The justices were acting on emergency requests to halt the restrictions from South Bay United Pentecostal Church in Chula Vista and Pasadena-based Harvest Rock Church and Harvest International Ministry, which has more than 160 churches across the state.

Chief Justice John Roberts wrote that “federal courts owe significant deference to politically accountable officials” when it comes to public health restrictions, but he said deference “has its limits.”

Roberts wrote that California’s determination “that the maximum number of adherents who can safely worship in the most cavernous cathedral is zero?appears to reflect not expertise or discretion, but instead insufficient appreciation or consideration of the interests at stake.”

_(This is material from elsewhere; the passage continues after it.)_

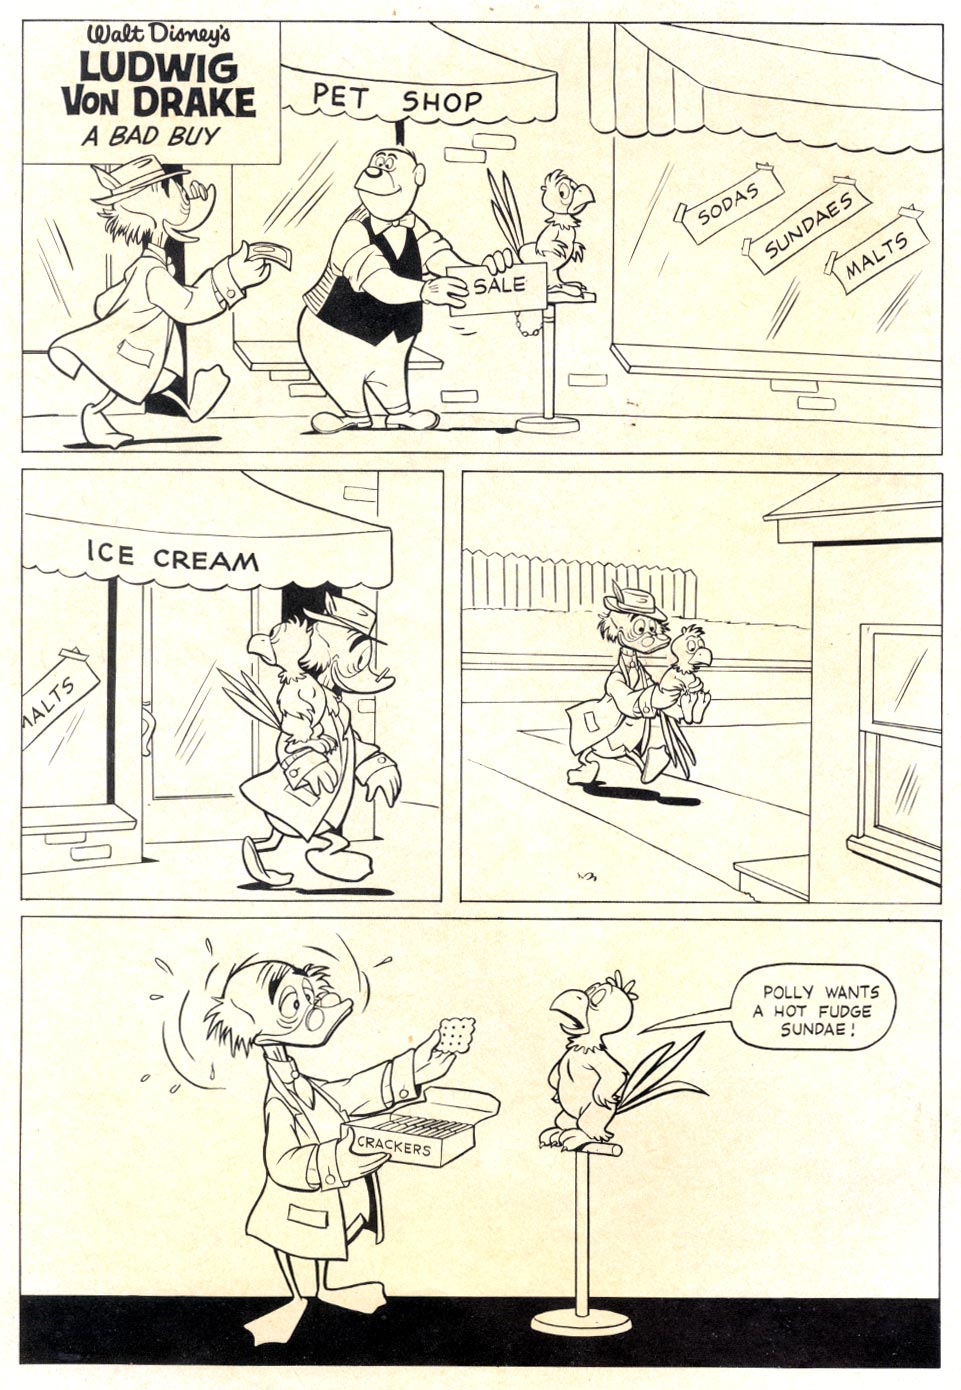 Read online Walt Disney's Ludwig Von Drake comic -  Issue #3 - 2

In addition to Roberts, Justice Neil Gorsuch and Justice Amy Coney Barrett also wrote to explain their views. Gorsuch and Justice Clarence Thomas would have kept California from enforcing its singing ban. Barrett, the court’s newest justice, disagreed. Writing for herself and Justice Brett Kavanaugh, she said it wasn’t clear at this point whether the singing ban was being applied “across the board.”

She wrote that “if a chorister can sing in a Hollywood studio but not in her church, California’s regulations cannot be viewed as neutral,” triggering a stricter review by courts. The justices said the churches who sued can submit new evidence to a lower court that the singing ban is not being applied generally.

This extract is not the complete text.